Adlington, the ancestral home of one of the older branches of this widespread family, is a pleasant old mansion, possessing, besides its own particular attractions as a good specimen of the half-timbered manor house of bygone days, much that is interesting in its memories and associations. It lies, too, in the midst of a spacious park, prettily feathered with woodlands, and environed with much rural beauty, so that it is altogether a pleasant place to spend a summer day in—a spot where you may find enough to occupy your thoughts without satiety or weariness.

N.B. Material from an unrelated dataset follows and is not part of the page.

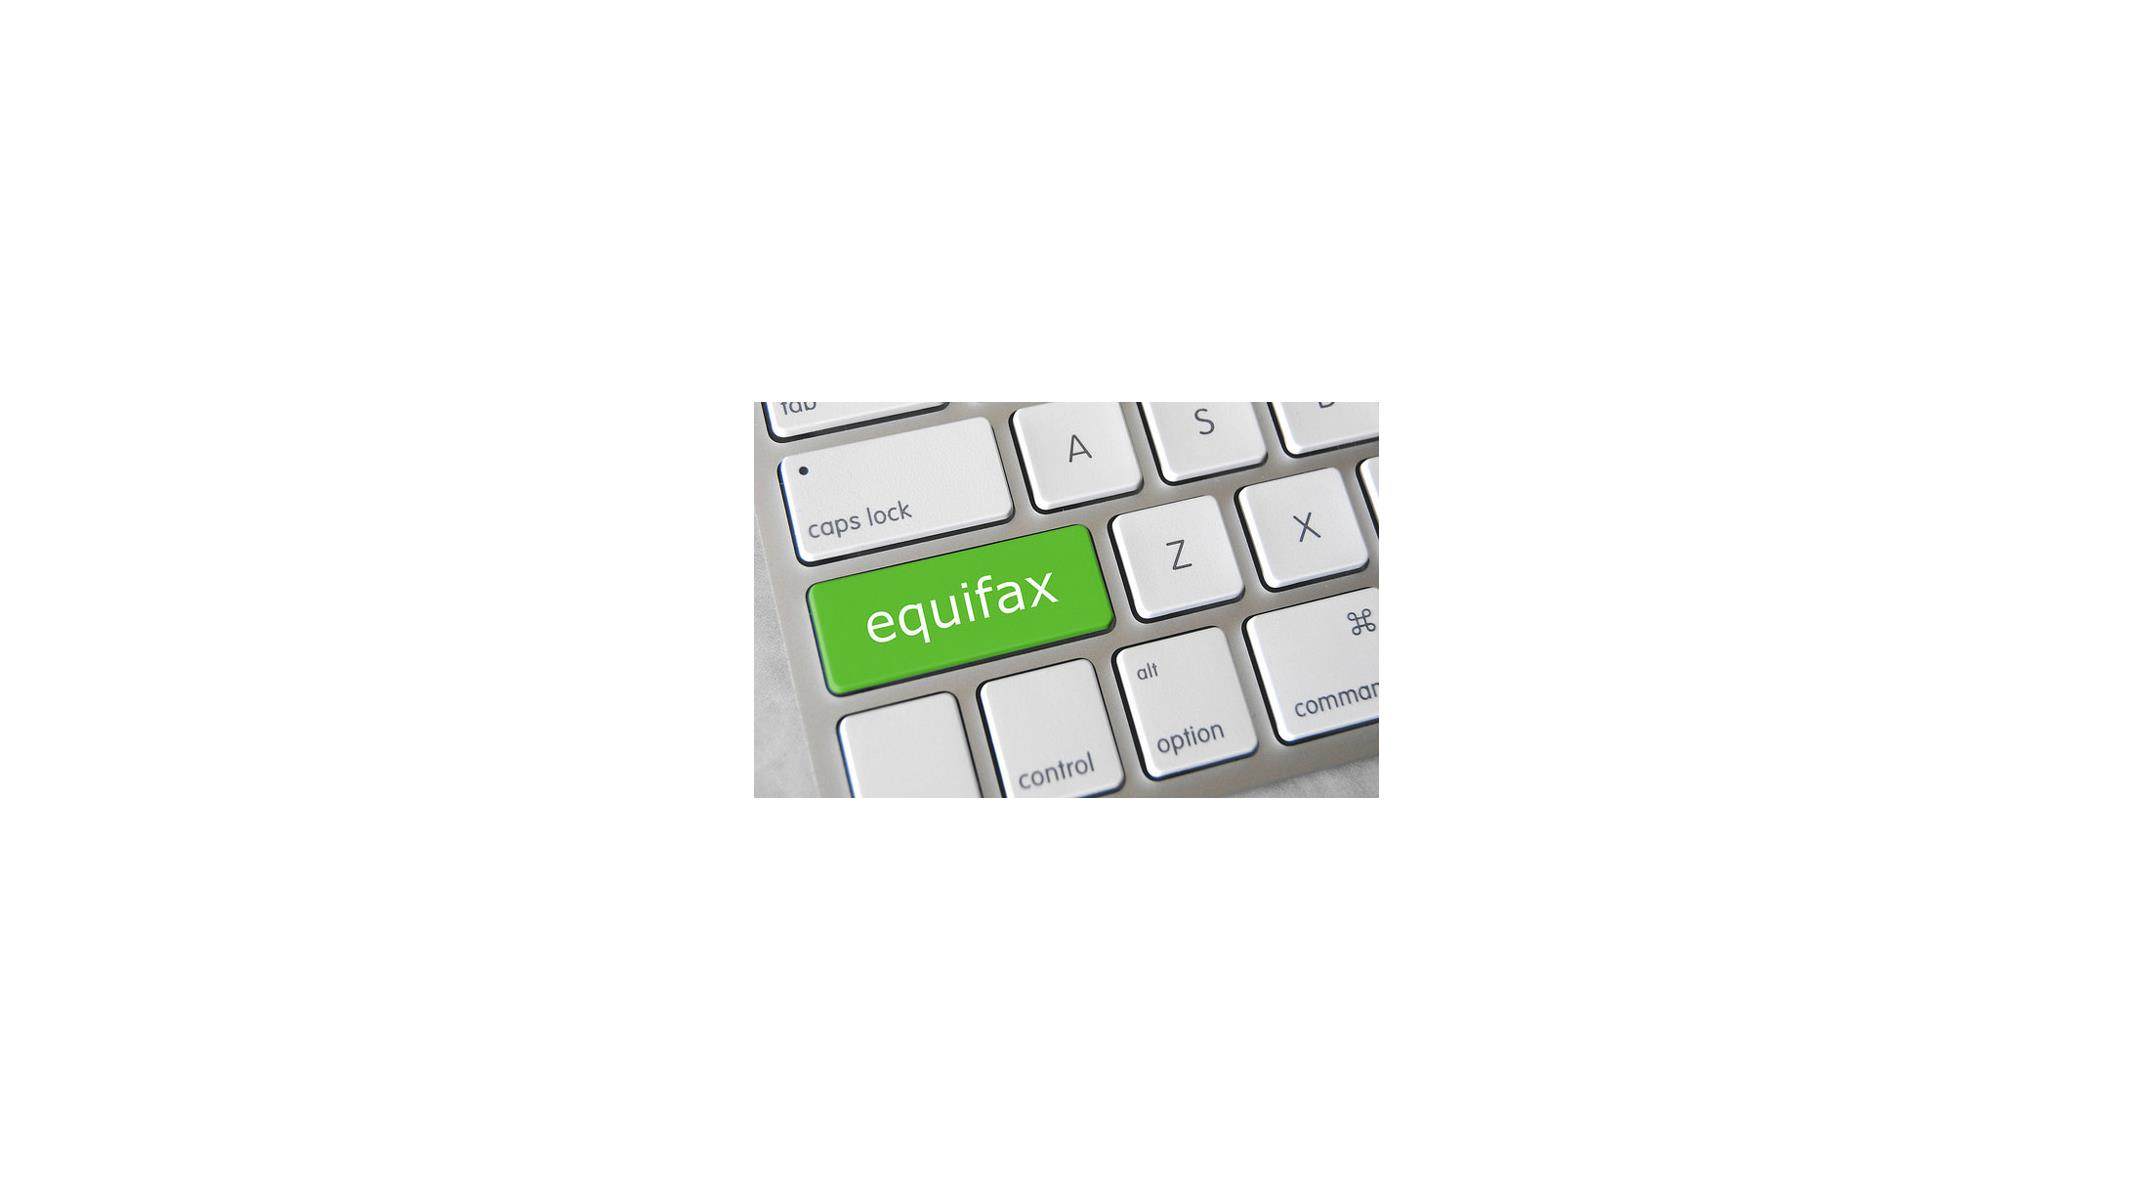 Equifax Website Hacked Again, Distributes Fake Adobe Flash Plugin

The railway carries you within a hundred yards or so of the park-gates. A roadside inn—the Unicorn’s Head—(the crest of the Leghs), and a few picturesque cottages, with cunningly devised porches of open rustic work, and little plots of garden in front, gay with flowers of every hue—tall lilies and roses that sway their heads in the passing breeze, and sweet-scented creepers that trail around and half hide the little old-fashioned windows—constitute what there is of village. Close by the station, and abutting upon the high-road, is the old smithy. As we go by, the smith is hard at work, the sparks fly merrily, and under the ponderous strokes of his hammer the anvil rings as melodiously as it did a hundred years ago, when, on a bright morning, Handel, while taking a constitutional with his host, Charles Legh, of Adlington, listened to it and first conceived the idea of the “Harmonious Blacksmith,” the score of which he wrote down immediately on his return to the hall, where it was long preserved. The park, which is well stocked with deer, is of considerable extent, varied and picturesque, and marked by much unrestrained beauty; for Art and Nature seem both to have stopped short of “improvement,” and to have given Time the opportunity of softening the harsh outline of man’s labours. It is not too tamely kept, however, nor yet too rigidly subjected to rule, the open lawns and broad sunny glades being chequered with clumps of wood and sturdy trees—

Whose boughs are moss’d with age,

And high top bald with dry antiquity,

whilst through the grassy meads and beneath the woodland shade, pranked with a thousand silvery shapes of beauty, the freakish Deane—

A gentle stream,

Adown the vale its serpent courses winds,

Seen here and there through breaks of trees to gleam,

Gilding their dancing boughs with noon’s reflected beam,

as it hastens on to mingle its waters with the Bollin, and unite with it in helping the Mersey to do honour to the British Tyre. It is a lovely summer day, with just sufficient breeze to cool the overheated atmosphere, and give a pleasant and invigorating freshness to it; the sunbeams are dappling the rich sward with their playful and ever-changing patches of light, and the air is balmy with the odours of the new-mown hay. The lark carols joyously in the bright blue sky, the insects are busy in the tall grass, and the lowing of the kine in the distant meadows, the merry song of the haymakers spreading out the fresh-cut swaths, and the creaking of the waggon as it bears its fragrant load to the stackyard, blending together, make a rustic music delighting to the heart of him who loves the sounds of country life.